Exercise prompt: Transcribe this listing exactly; omit the pictures.

Information provided:
============================================================

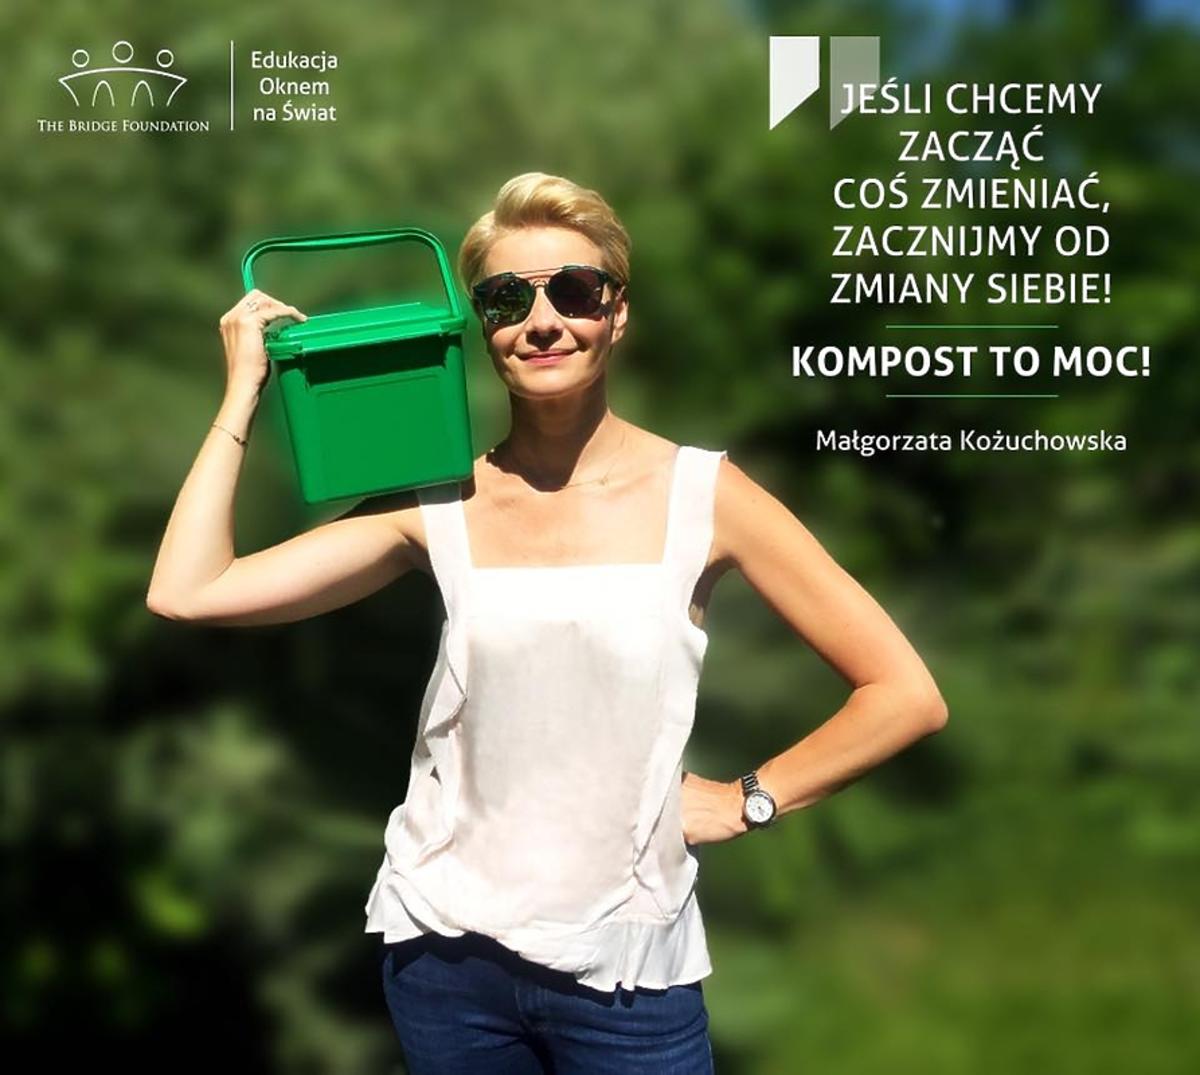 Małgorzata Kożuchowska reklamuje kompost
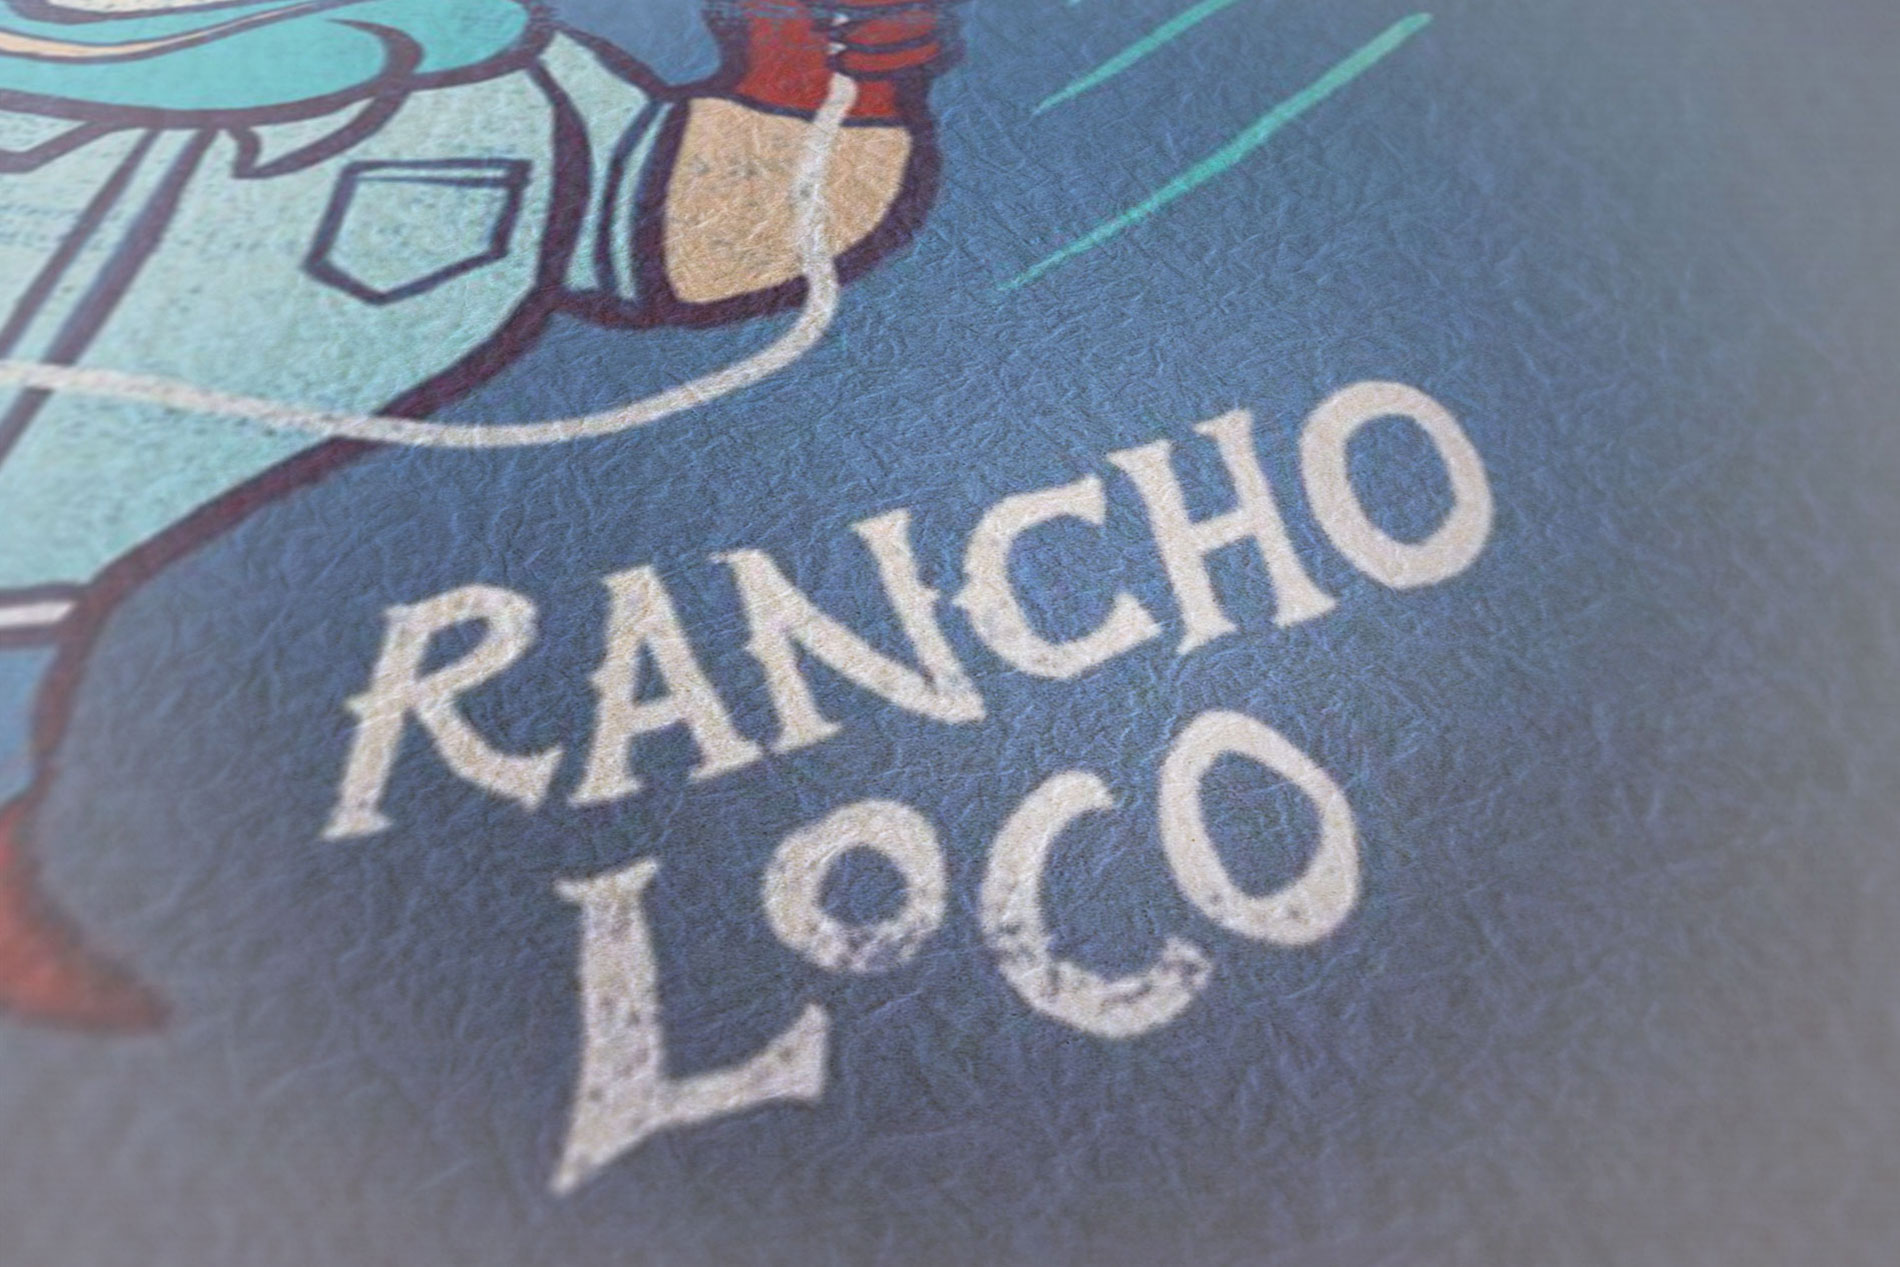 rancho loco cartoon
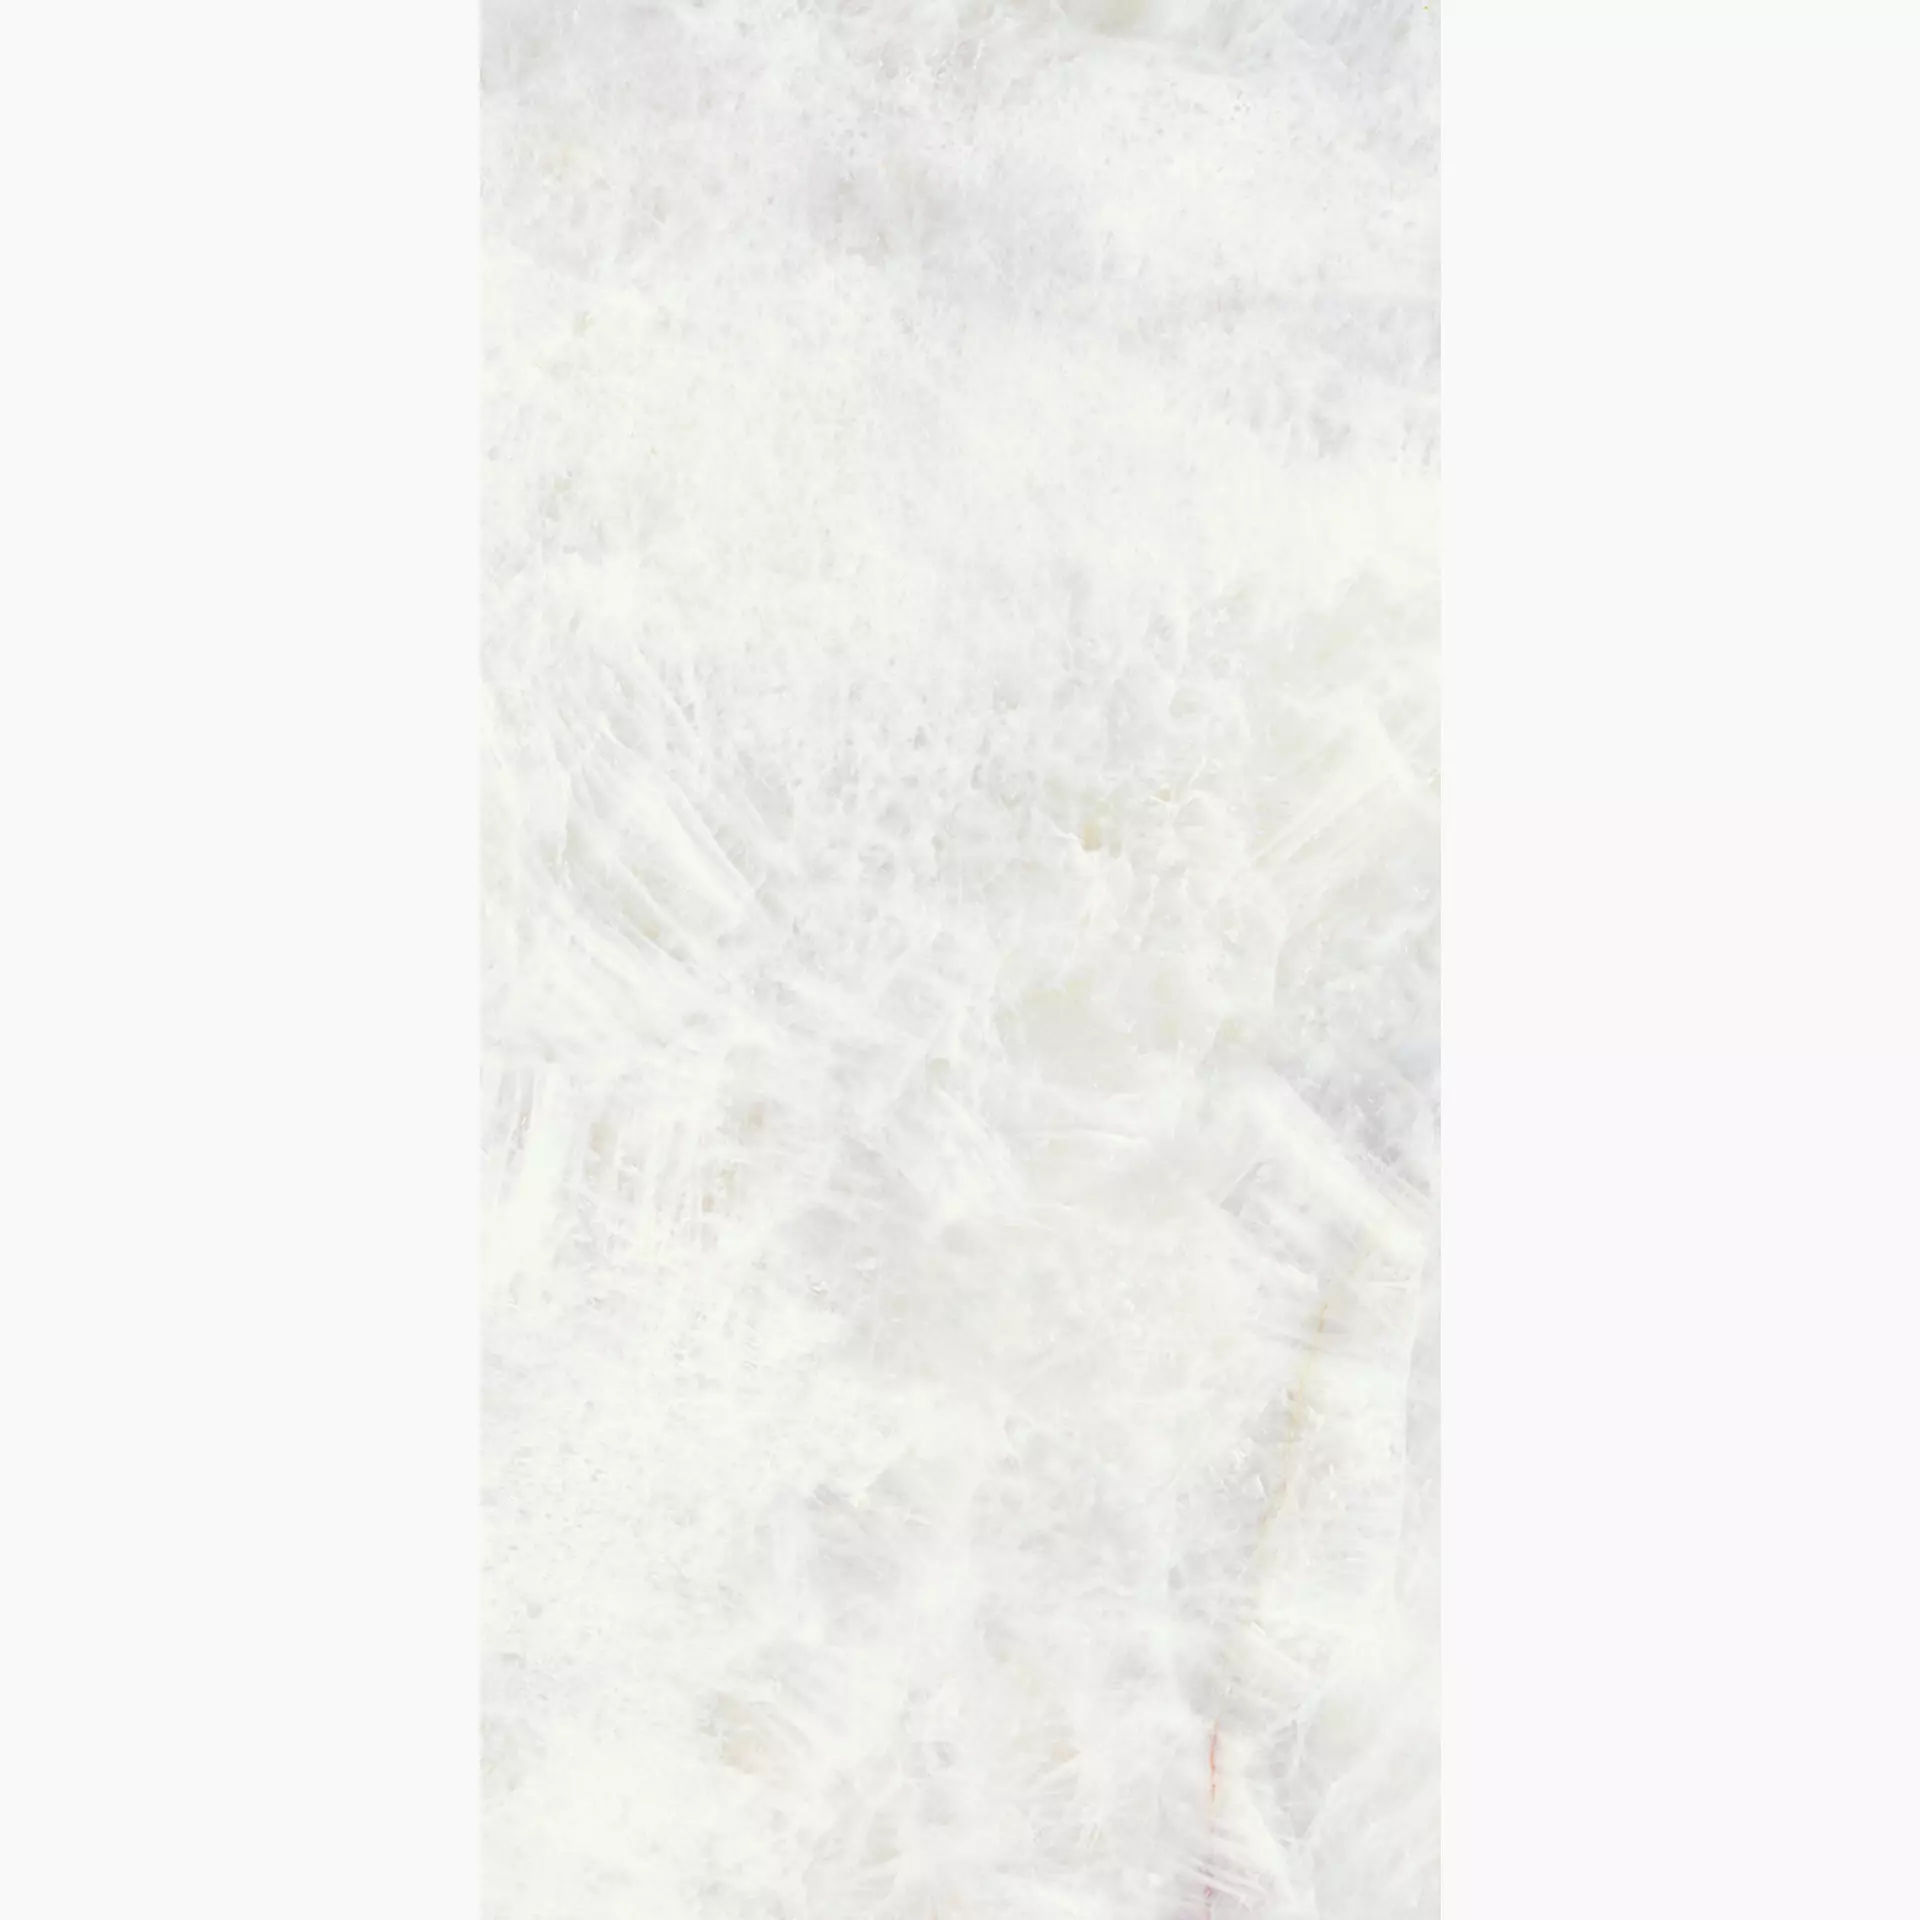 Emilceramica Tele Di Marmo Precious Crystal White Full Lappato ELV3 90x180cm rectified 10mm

============================================================

Answer box:
 Małgorzata Kożuchowska reklamuje kompost
 rancho loco cartoon
 Emilceramica Tele Di Marmo Precious Crystal White Full Lappato ELV3 90x180cm rectified 10mm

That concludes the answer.